We thank the Editor-in-Chief of the International Journal of Data Science and Analytics (JDSA), Professor Longbing Cao, for the opportunity to guest-edit this collection. We are also very thankful to the contributing authors and the reviewers who carefully examined the papers. We ended accepting six papers, covering a wide spectrum of challenging issues:

  • Data Science: a game-changer for science and innovation: a paper showing how data science impacts science and society at large, including ethical and governance issues connected with managing data that touch upon aspects of human behaviour.

  • Measuring objective and subjective well-being: dimensions and data sources: a paper that illustrates the approaches for measuring well-being. The authors distinguish between objective and subjective well-being and surveys the theoretical background, the relevant dimensions of well-being, the new data sources for measurement, and relevant recent studies.

  • (So) Big Data and the transformation of the city: this paper discusses the main issues of urban data analytics, focusing on privacy issues, algorithms, applications, and georeferenced data from social media. The authors leverage, as concrete case studies of urban data science tools, the results obtained in the “City of Citizens” thematic area of the SoBigData initiative, which includes a virtual research environment with mobility datasets and urban analytics methods developed by several institutions around Europe.

  • Human migration: the big data perspective: in this paper the authors answer the question “How can big data help to understand the migration phenomenon?” through an analysis of various phases of migration, comparing traditional and novel data sources and models at each phase. They focus on three phases of migration—the journey, the stay, and the return—at each phase describing the state of the art and recent developments and ideas.

  • A Workflow Language for Research e-Infrastructures: this paper outlines the HyWare language and platform. The language is an extension of the traditional workflow languages enabling the definition of workflows including automatic and manual analytical steps with the purpose of replicating and building large-scale data-driven experiments.
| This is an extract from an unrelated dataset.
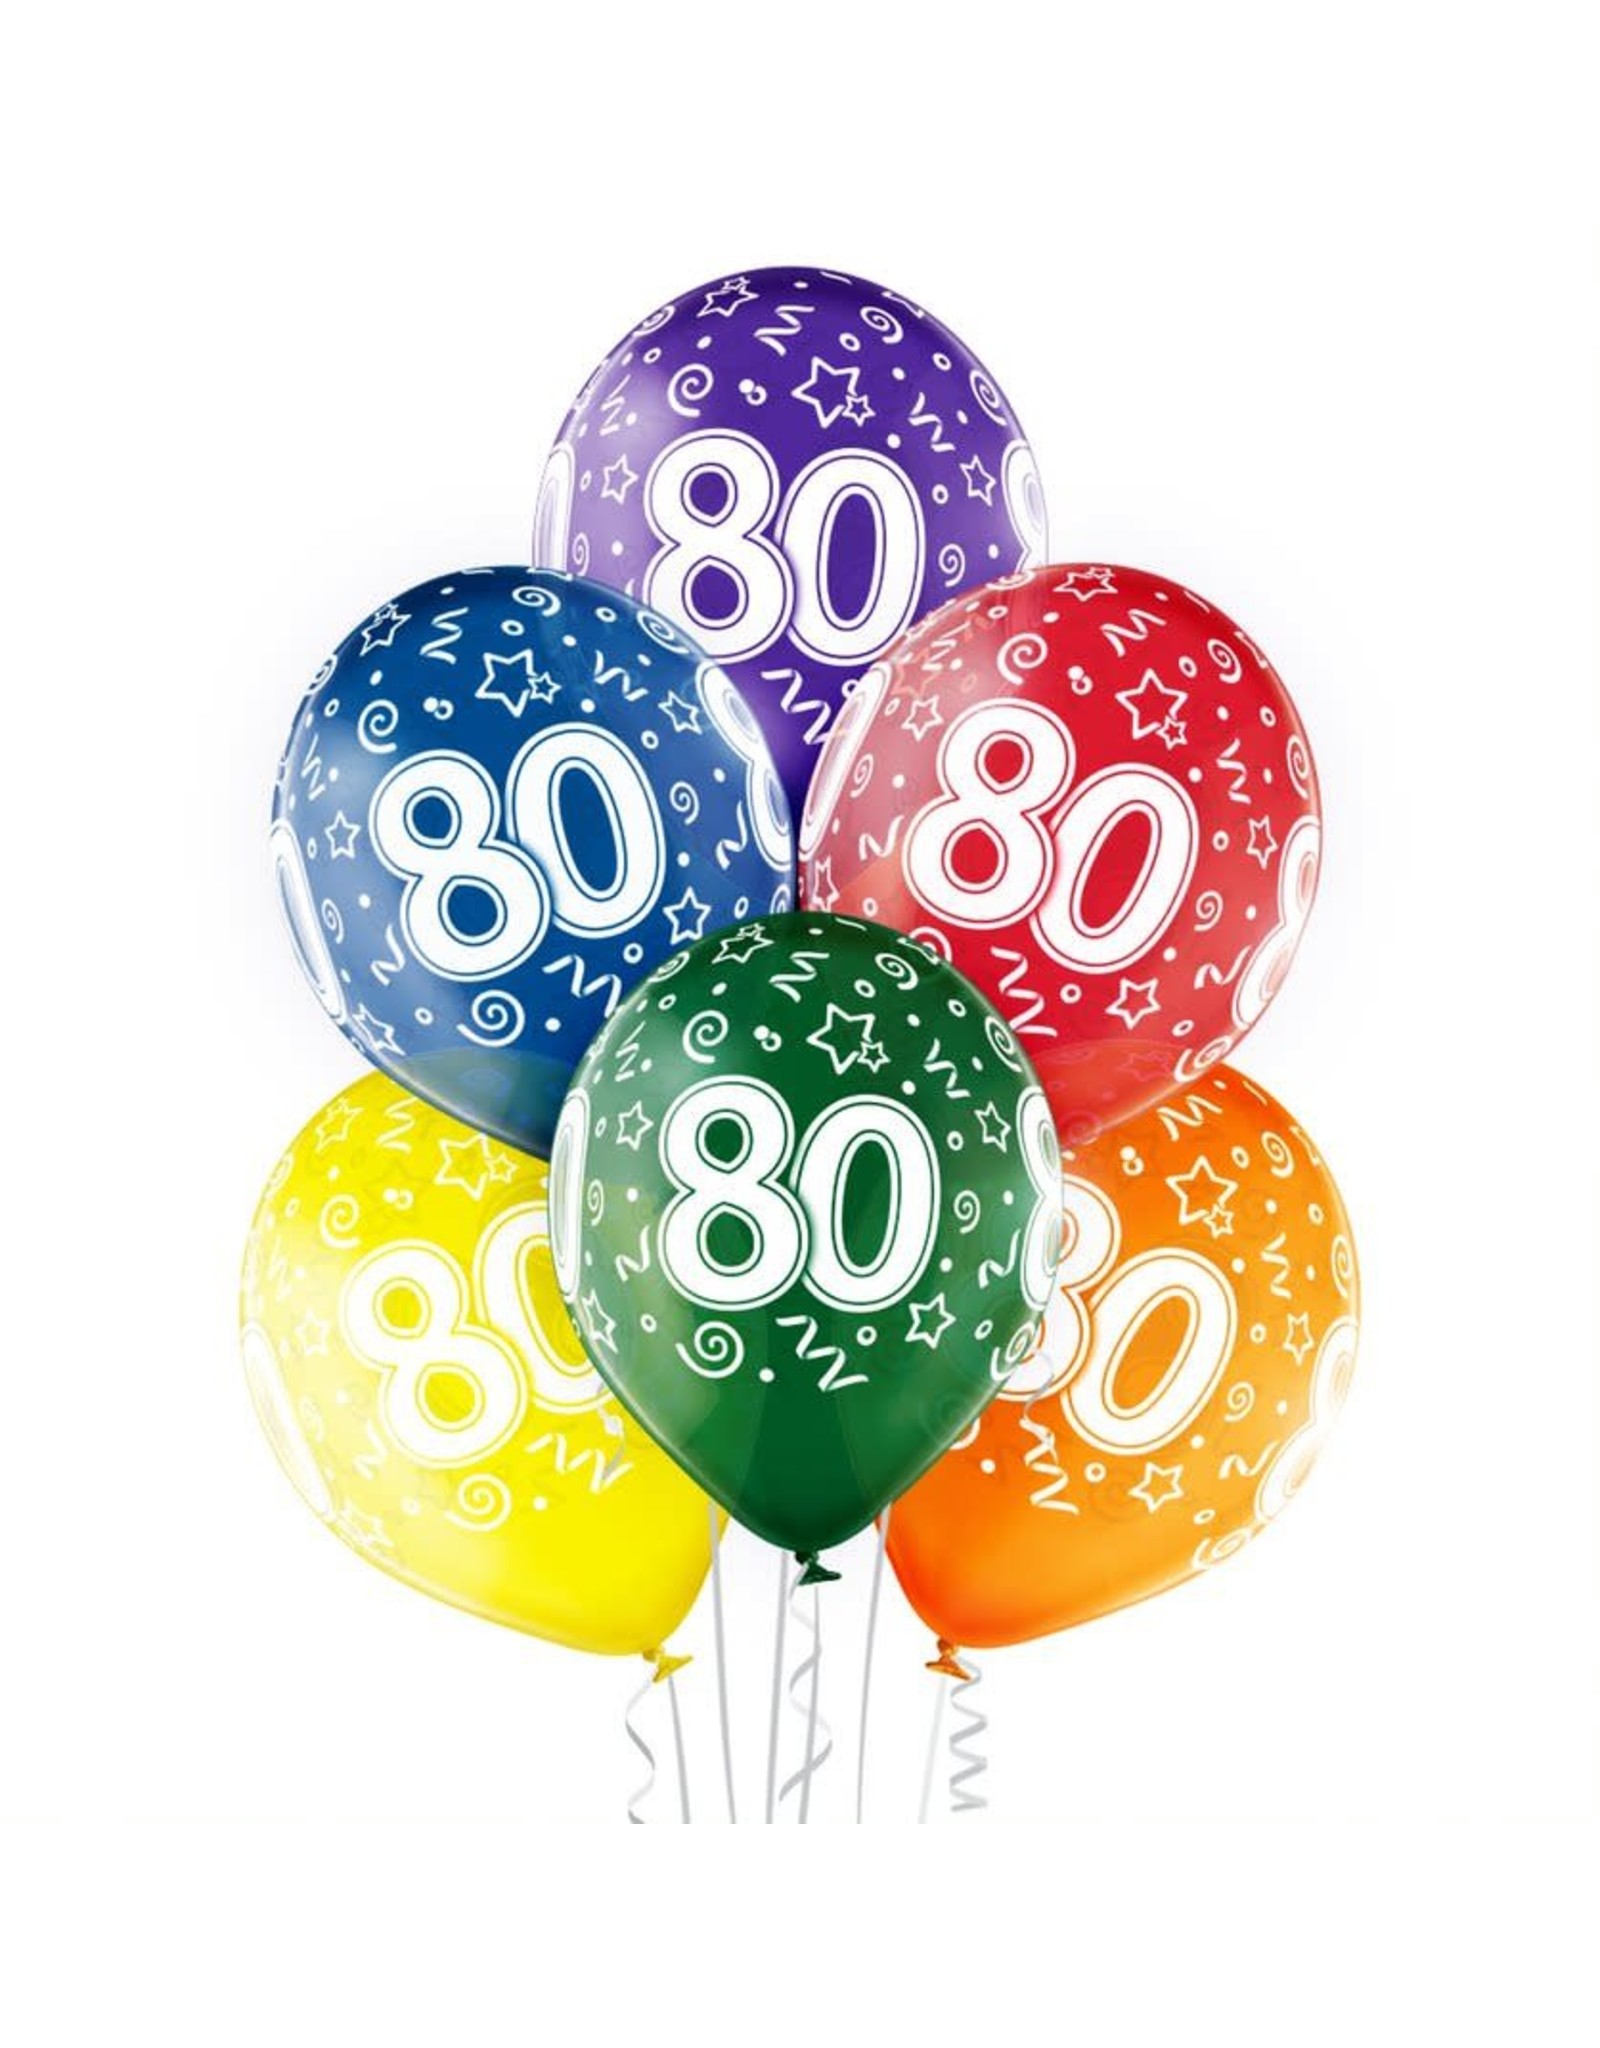 Belbal latex ballonnen 80th birthday 6 stuks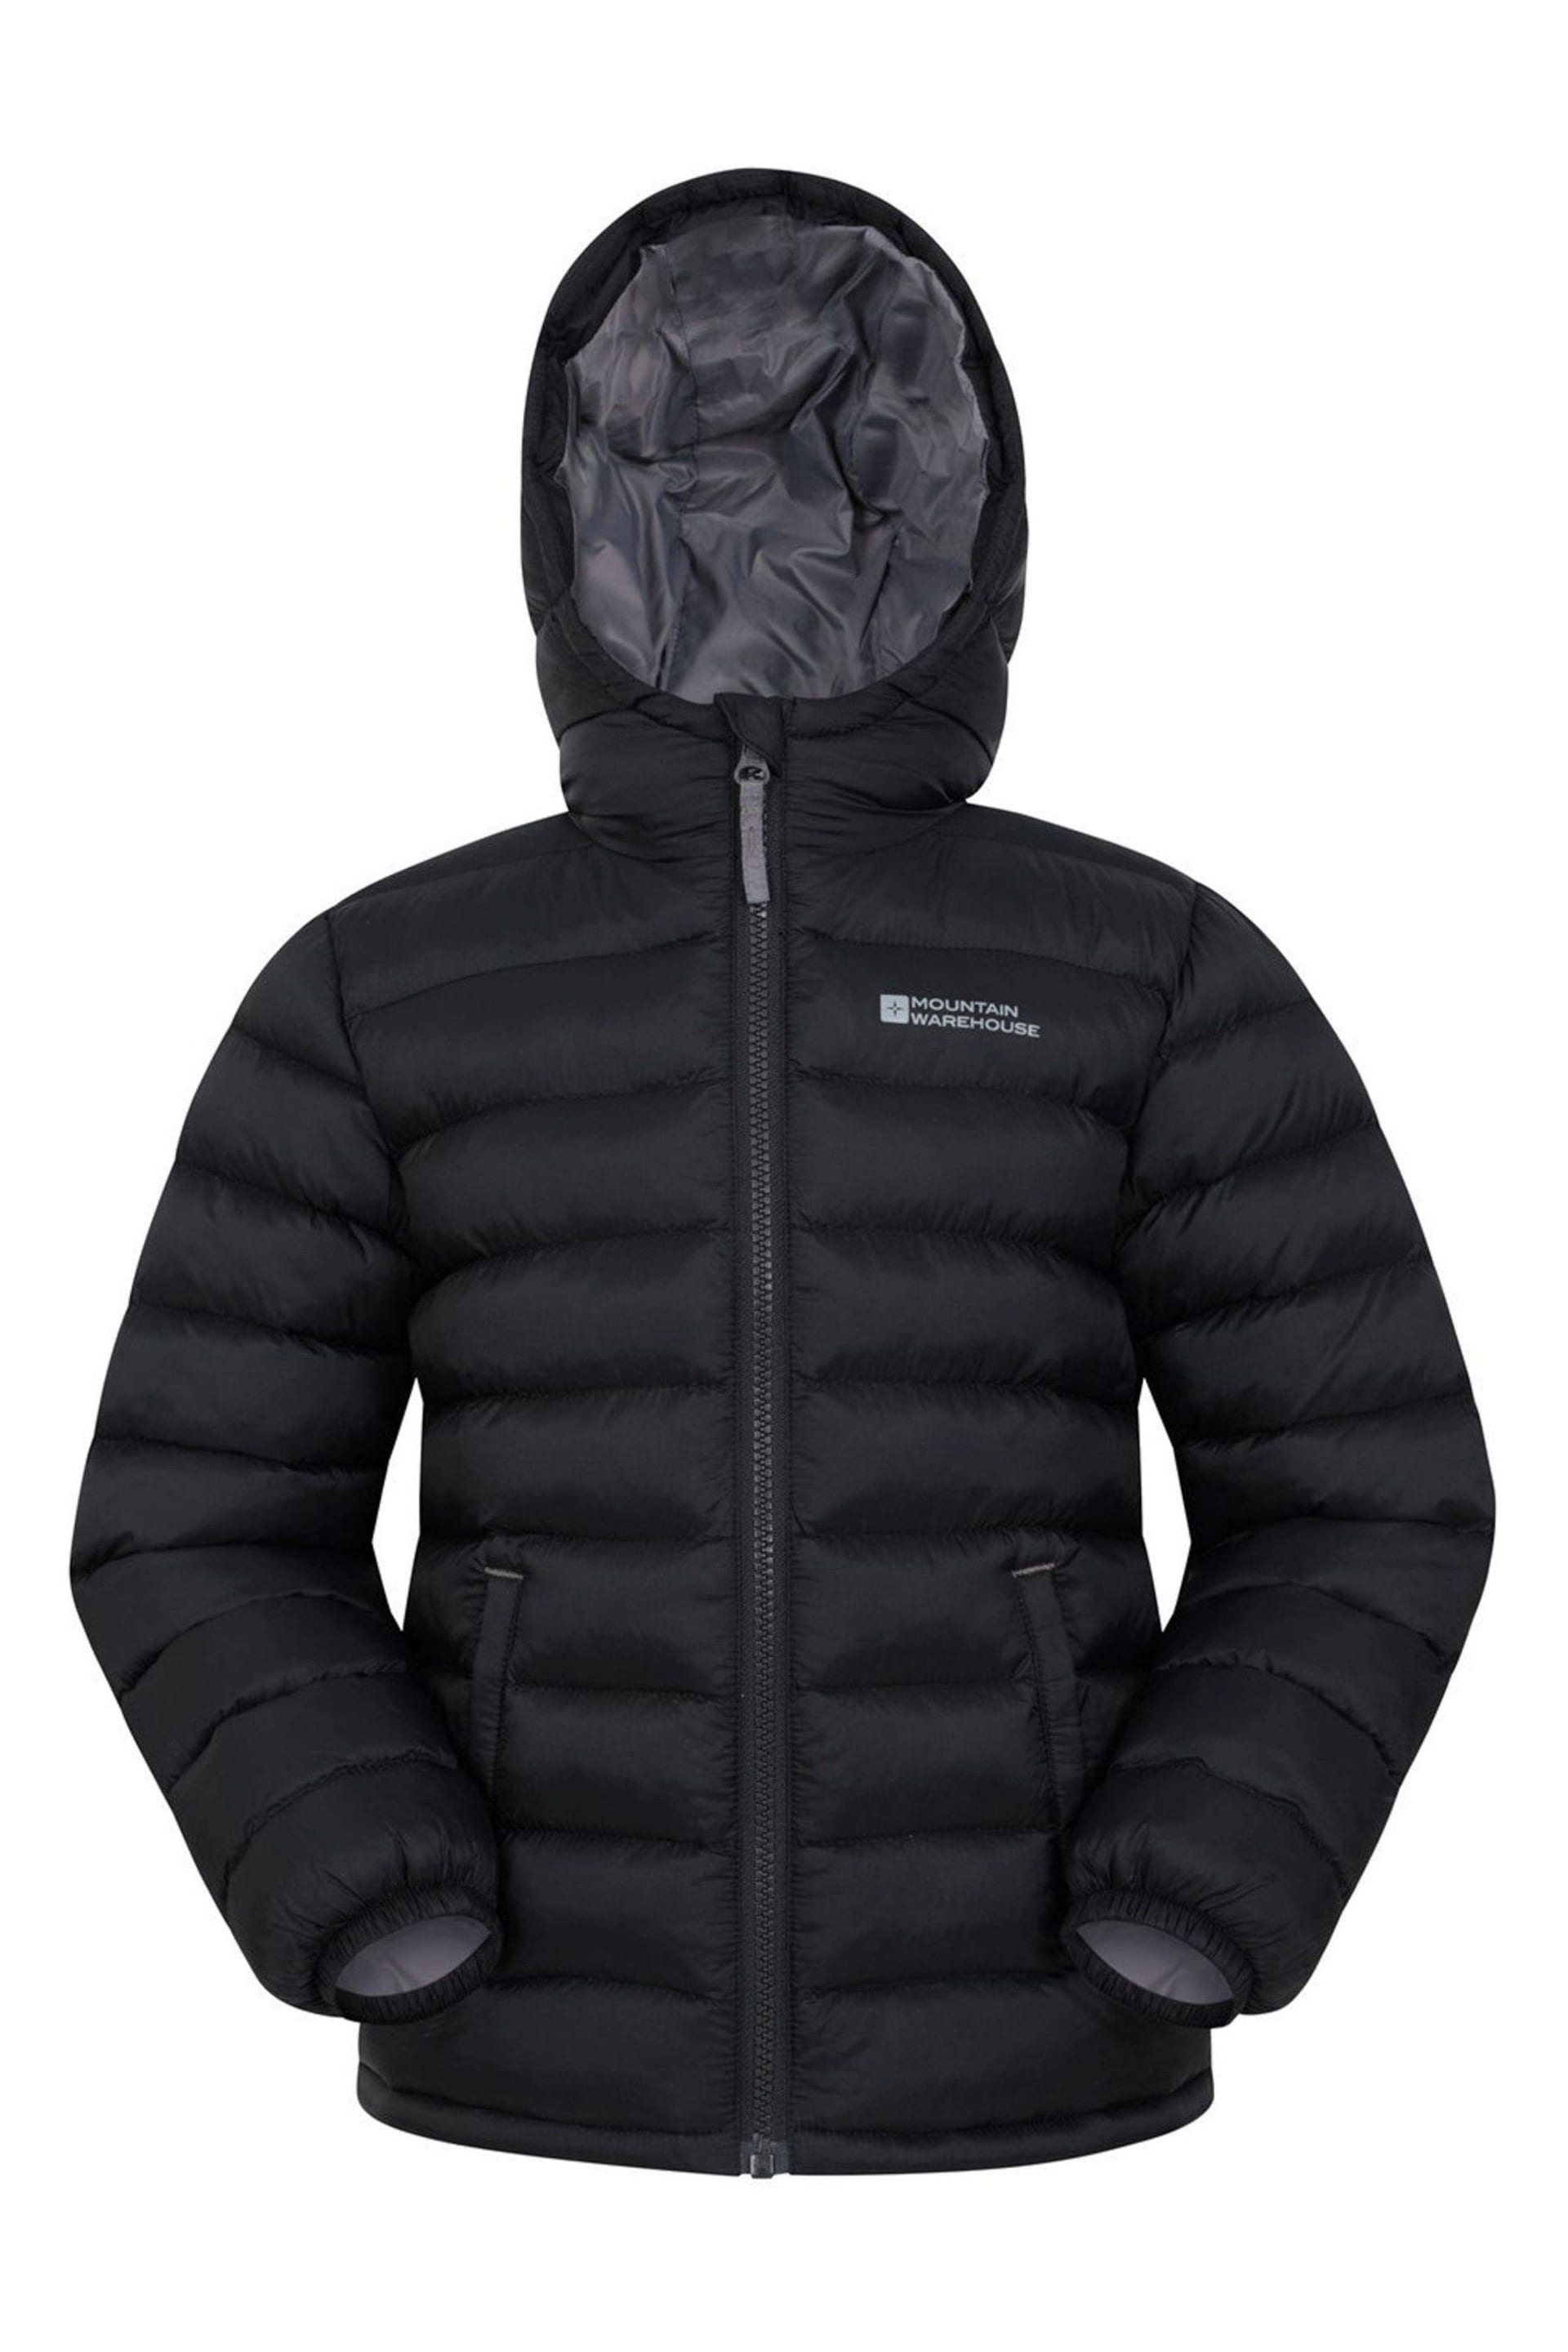 Mountain Warehouse Black Seasons Water Resistant Padded Jacket - Image 1 of 2

  • An ethical and legal framework for social data science: this paper provides a framework for research infrastructures enabling ethically-sensitive and legally compliant data science, helping data scientists to frame the appropriate self-assessment questions to ensure an ethical, responsible design, implementation and deployment of data science projects.

We, as guest editors, are proud to offer this collection to the attention and scrutiny of the scientific community.